Installation of ComplexFold

Get ComplexFold

git clone https://github.com/muthoff/ComplexFold
cd ComplexFold
CFDIR=$PWD

Get Conda

wget https://repo.anaconda.com/miniconda/Miniconda3-latest-Linux-x86_64.sh
bash Miniconda3-latest-Linux-x86_64.sh
# Let it initialize

echo "conda deactivate\n" >> ~/.bashrc
source ~/.bashrc

conda update conda
conda install pip
rm -r Miniconda3-latest-Linux-x86_64.sh

Setup Conda

conda create -y --name af2 python==3.8
conda activate af2

conda install -y -c conda-forge openmm==7.5.1 cudnn==8.2.1.32 pdbfixer==1.7 numba
conda install -y -c bioconda hmmer==3.3.2 hhsuite kalign2

pip3 install -r $CFDIR/requirements.txt
pip3 install --upgrade jax jaxlib==0.1.69+cuda111 -f https://storage.googleapis.com/jax-releases/jax_releases.html

Update openmm

PYTHON=$(which python)
cd $(dirname $(dirname $PYTHON))/lib/python3.8/site-packages
patch -p0 < $CFDIR/docker/openmm.patch

conda deactivate

Download of genetic databases

This step requires aria2c to be installed on your machine.

AlphaFold needs multiple genetic (sequence) databases to run:

There is a script ComplexFold/scripts/download_all_data.sh that can be used to download and set up all of these databases. The scripts provided download the most recent database vesions:

  • Default:

    scripts/download_all_data.sh <DOWNLOAD_DIR>
    

    will download the full databases.

  • With reduced_dbs:

    scripts/download_all_data.sh <DOWNLOAD_DIR> reduced_dbs
    

    will download a reduced version of the databases to be used with the reduced_dbs preset.

The script will download the most recent databases and hence ComplexFold cannot reproduce the CASP14 output.

📒 Note: The total download size for the full databases is around 415 GB and the total size when unzipped is 2.2 TB. Please make sure you have a large enough hard drive space, bandwidth and time to download. We recommend using an SSD for better genetic search performance.

This script will also download the model parameter files. Once the script has finished, you should have the following directory structure:

$DOWNLOAD_DIR/                             # Total: ~ 2.2 TB (download: 438 GB)
    bfd/                                   # ~ 1.7 TB (download: 271.6 GB)
        # 6 files.
    mgnify/                                # ~ 64 GB (download: 32.9 GB)
        mgy_clusters_2018_12.fa
    params/                                # ~ 3.5 GB (download: 3.5 GB)
        # 5 CASP14 models,
        # 5 pTM models,
        # LICENSE,
        # = 11 files.
    pdb70/                                 # ~ 56 GB (download: 19.5 GB)
        # 9 files.
    pdb_mmcif/                             # ~ 206 GB (download: 46 GB)
        mmcif_files/
            # About 180,000 .cif files.
        obsolete.dat
    small_bfd/                             # ~ 17 GB (download: 9.6 GB)
        bfd-first_non_consensus_sequences.fasta
    uniclust30/                            # ~ 86 GB (download: 24.9 GB)
        uniclust30_2018_08/
            # 13 files.
    uniref90/                              # ~ 58 GB (download: 29.7 GB)
        uniref90.fasta

bfd/ is only downloaded if you download the full databasees, and small_bfd/ is only downloaded if you download the reduced databases.

Downloaf of model parameters

While the AlphaFold code is licensed under the Apache 2.0 License, the AlphaFold parameters are made available for non-commercial use only under the terms of the CC BY-NC 4.0 license.
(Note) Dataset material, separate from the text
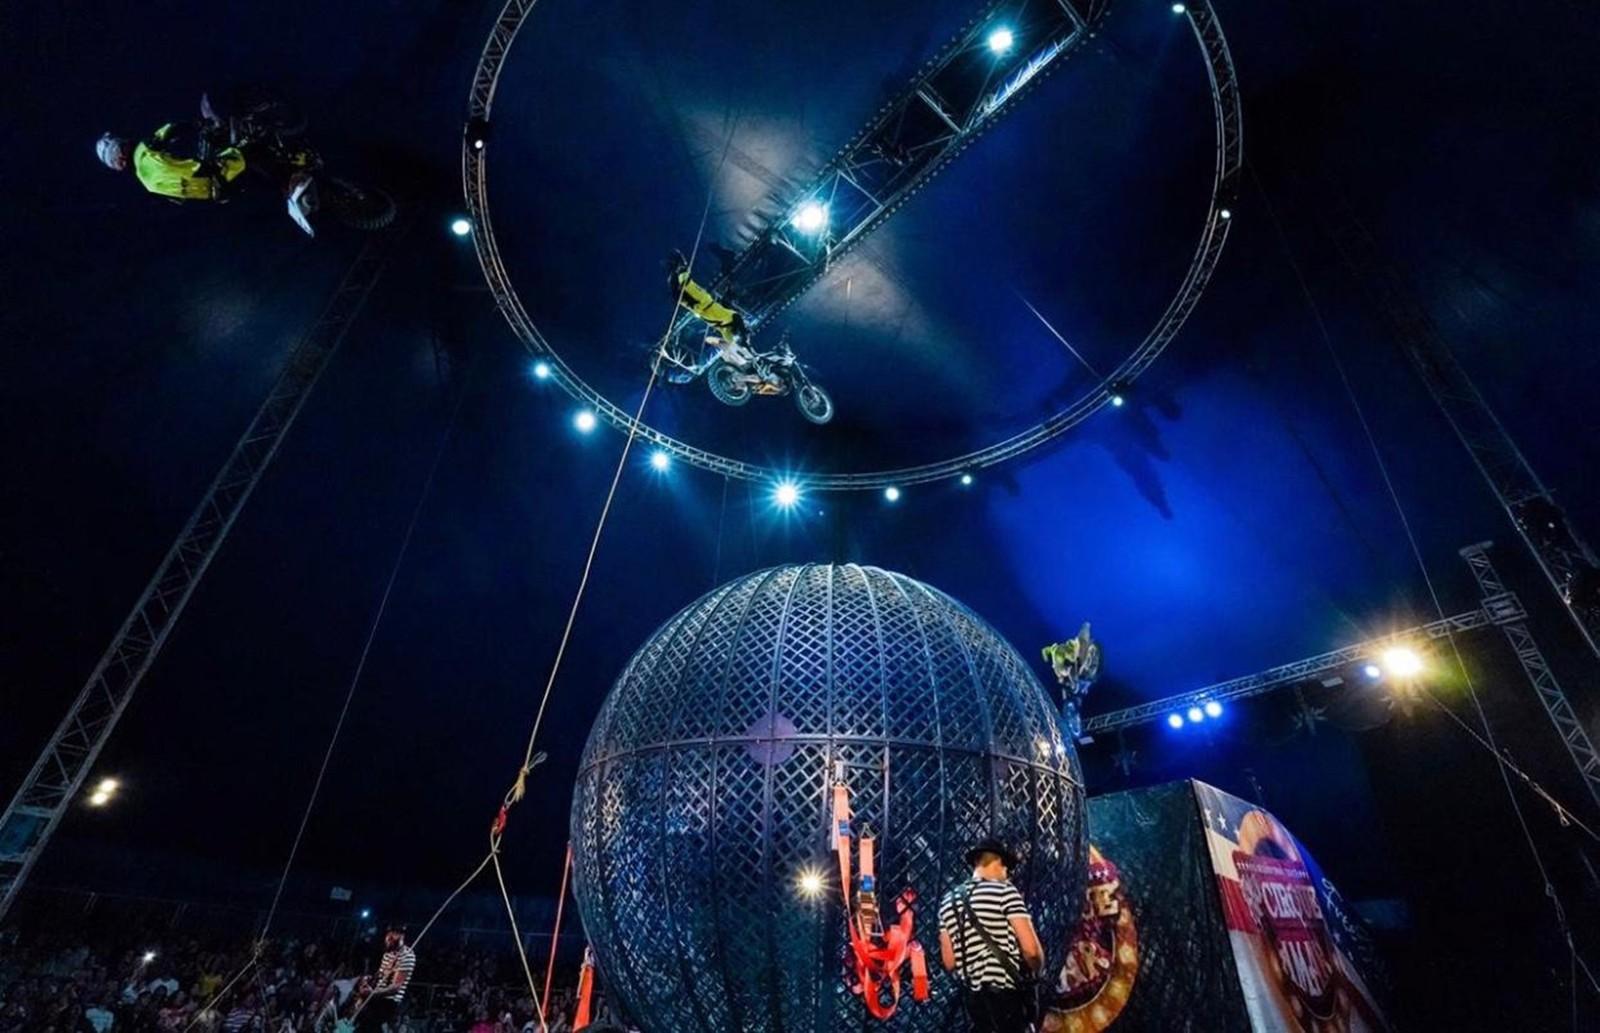 Magia do Cirque Amar levará alegria e diversão aos idosos atendidos na LBV

Please see the Disclaimer below for more detail.

The AlphaFold parameters are available from https://storage.googleapis.com/alphafold/alphafold_params_2021-07-14.tar, and are downloaded as part of the scripts/download_all_data.sh script. This script will download parameters for:

  • 5 models which were used during CASP14, and were extensively validated for structure prediction quality (see Jumper et al. 2021, Suppl. Methods 1.12 for details).
  • 5 pTM models, which were fine-tuned to produce pTM (predicted TM-score) and predicted aligned error values alongside their structure predictions (see Jumper et al. 2021, Suppl. Methods 1.9.7 for details).

Final set up and simple run of ComplexFold

  1. Go through the section "Defaults" in ComplexFold/run_complexfold.sh and change appropriatly

  2. Run run_complexfold.sh pointing to a FASTA file containing the protein sequence for which you wish to predict the structure and a description line stating with '>'. You can provide multiple sequences per FASTA file in order to predict complexes.

    bash run_complexfold.sh -f path/to/fasta
    

Features

FASTA file

Each FASTA file must contain a description line stating with '>' followed by the name of the protein. ComplexFold automatically cuts the name at the first space. The sequence can encompass multiple lines.

For the predictions of complexes you have to provide the description and the sequence for each component, including homomers. The homomer sequence and description must be identical!

A trimer with two unique proteins would have a FASTA file like this for example:

>FirstProtein
ABCDGH

>FirstProtein
ABCDGH

>SecondProtein
GHLKET
PTWS

Complex Mode

ComplexFold auto detects heteromers and changes a few things for better prediction. This includes:

  1. Usage of 'ptm' models (Equivalent to flag -c)
  2. Reducing the number of potential templates (10 per heteromer) and increaseing the number of actual templates used (4 per heteromer). At the moment, I cannot control which templates are finally used. These changes increase the likelihood of using a template specific for each heteromer though.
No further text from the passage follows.